6. Reproducibility
In T 281/86 (OJ 1989, 202), it was held that there is no requirement under Art. 83 EPC 1973 according to which a specifically described example of a process must be exactly repeatable. Variations in the constitution of an agent used in a process are immaterial to the sufficiency of the disclosure provided the claimed process reliably leads to the desired products. See also T 292/85 (OJ 1989, 275); T 299/86 date: 1987-09-23 (OJ 1988, 88); T 181/87, T 212/88 (OJ 1992, 28); T 182/89 (OJ 1991, 391) and T 19/90 (OJ 1990, 476).

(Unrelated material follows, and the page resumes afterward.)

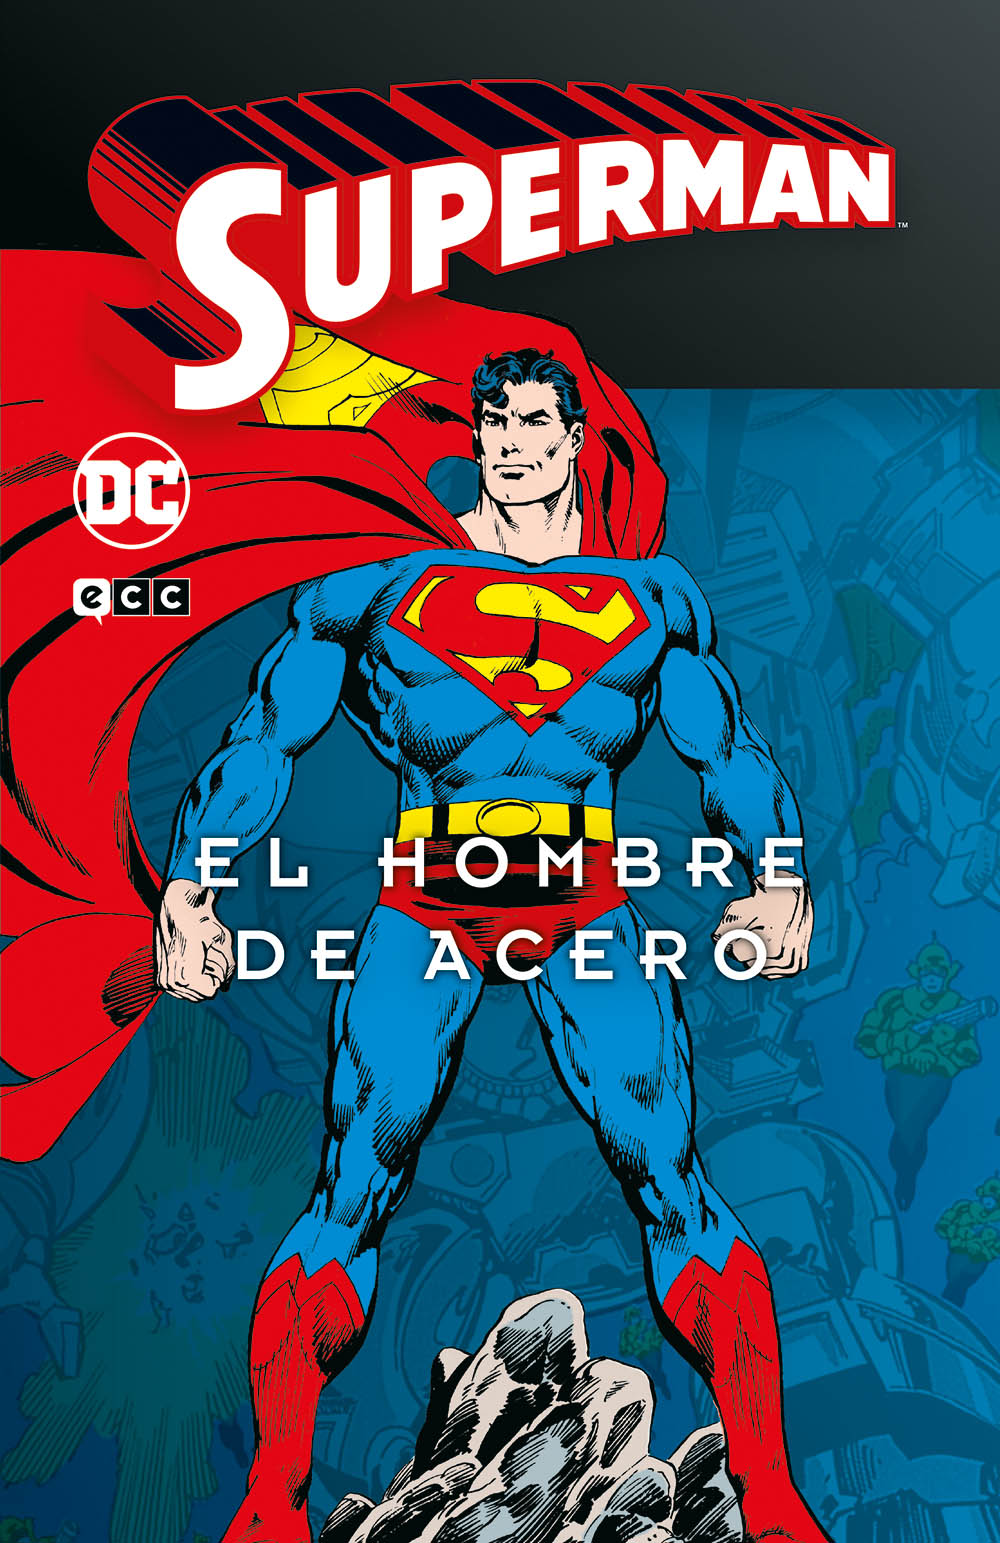 Superman: El hombre de acero vol. 1 de 4 (Superman Legends) Cinecolor ENcuadrocomics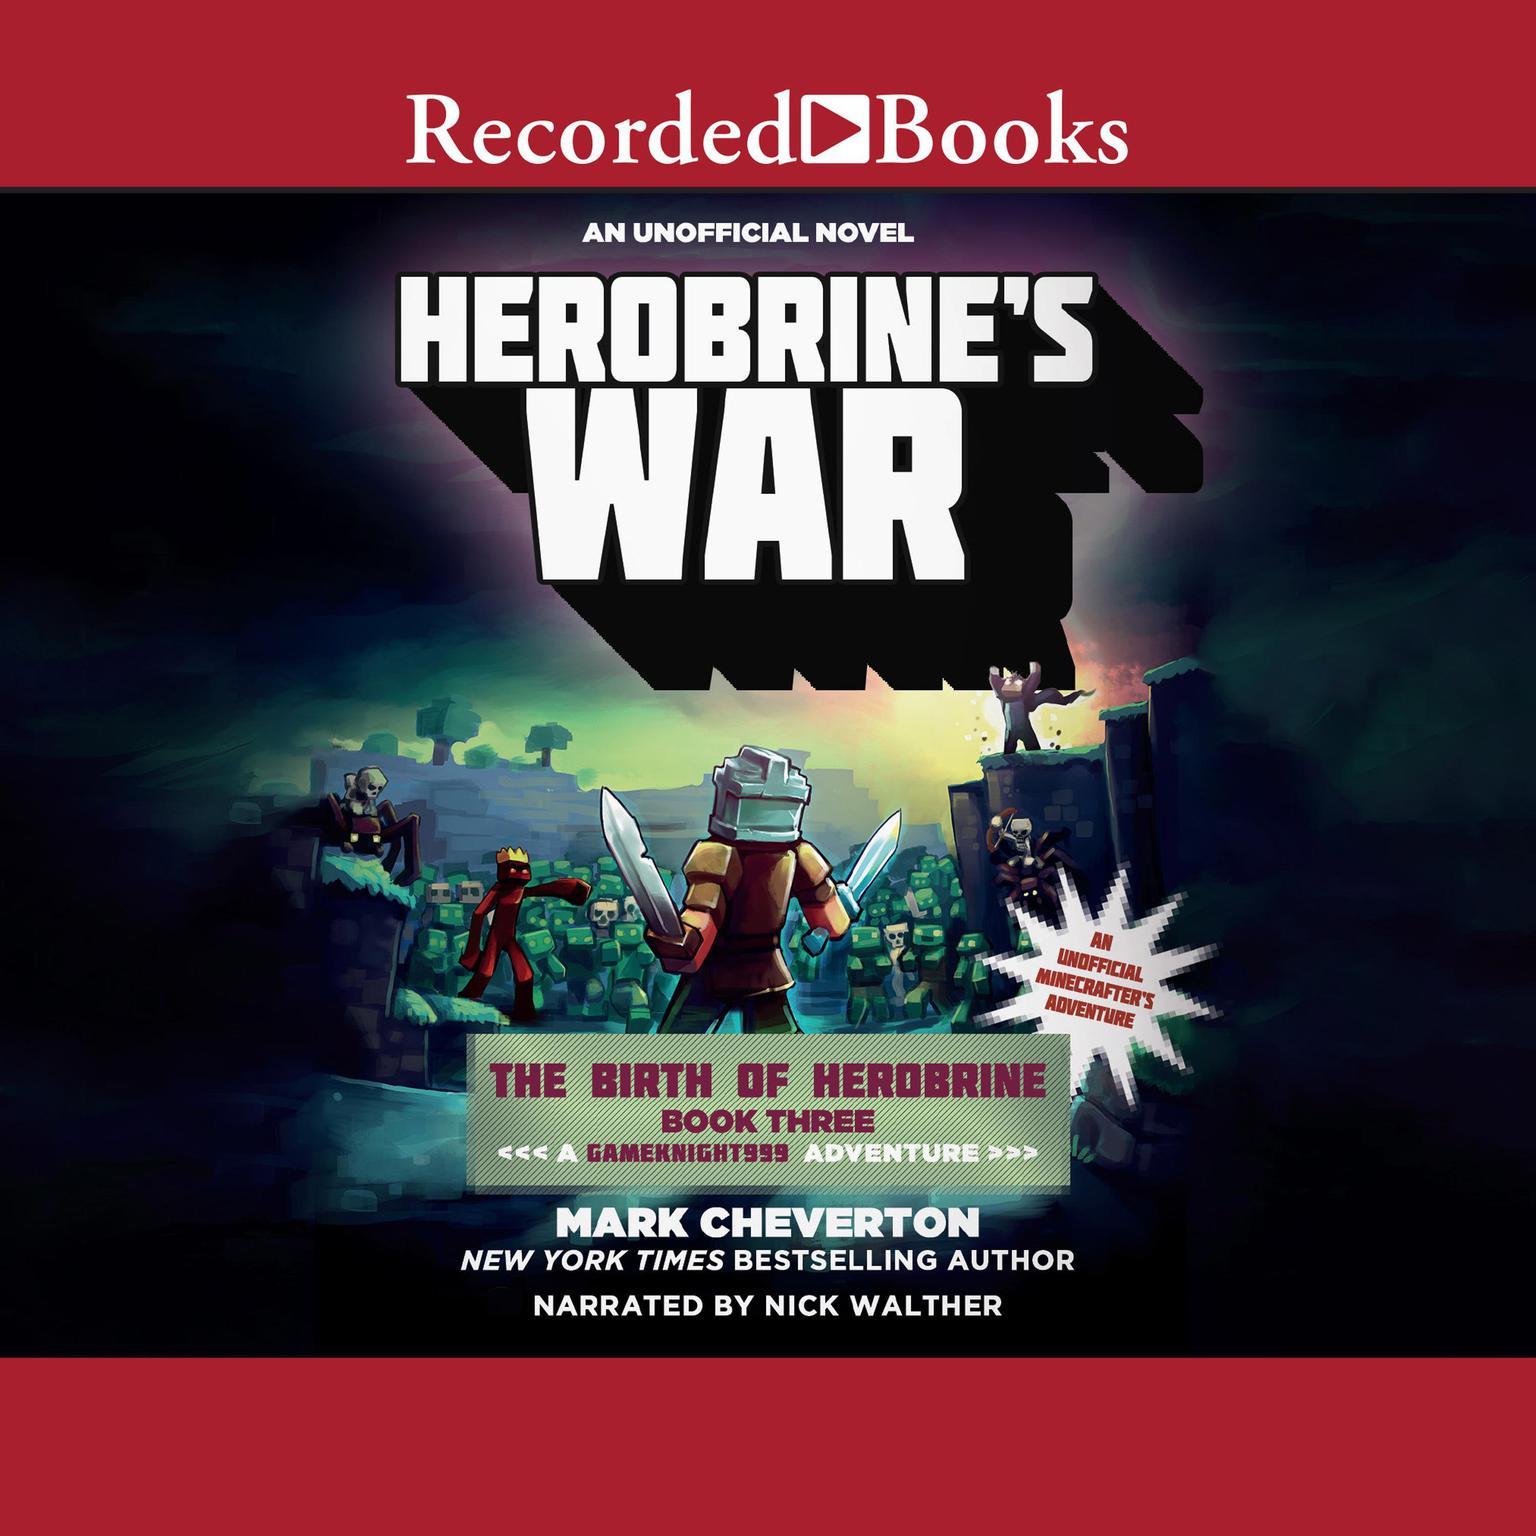 Herobrines War: A GameKnight999 Adventure Audiobook, by Mark Cheverton

In G 1/03 (point 2.5 of the Reasons) the Enlarged Board of Appeal indicated that a lack of reproducibility of the claimed invention is relevant under the requirements of sufficiency of disclosure if the technical effect is a technical feature of the claim, since then it is a feature characterising the subject-matter claimed (T 1079/08). A lack of reproducibility of the claimed invention (i.e. a failure of the claimed features to deliver the effect aimed for) is seen to represent, in the case of an effect which is not expressed in a claim but is part of the problem to be solved, "a problem of inventive step". If an effect is expressed in a claim, there is lack of sufficient disclosure (G 1/03, OJ, 2004, 413, and T 939/92, OJ 1996, 309, cited by T 2001/12; and more recently in T 1845/14).
According to established case law, the requirement of sufficiency of disclosure of Art. 83 EPC is not met if an effect expressed in the claim cannot be reproduced (summary of the case law in T 1473/13; see also T 1845/14).
In T 161/18 the application used an artificial neural network to transform the blood pressure curve measured on the periphery into the equivalent aortic pressure. As regards how the neural network according to the invention was trained, the application disclosed only that the input data should cover a wide range of patients differing in age, sex, constitution type, state of health, etc. to prevent the network from becoming specialised. However, it did not disclose what input data were suitable for training the network or even a suitable set of data for solving the technical problem in question. As a result, the skilled person could not reproduce the network's training and so could not carry out the invention. The invention, which was based on automated learning, in particular in connection with an artificial neural network, was thus insufficiently disclosed, because the training it involved could not be reproduced owing to a lack of disclosure in this regard.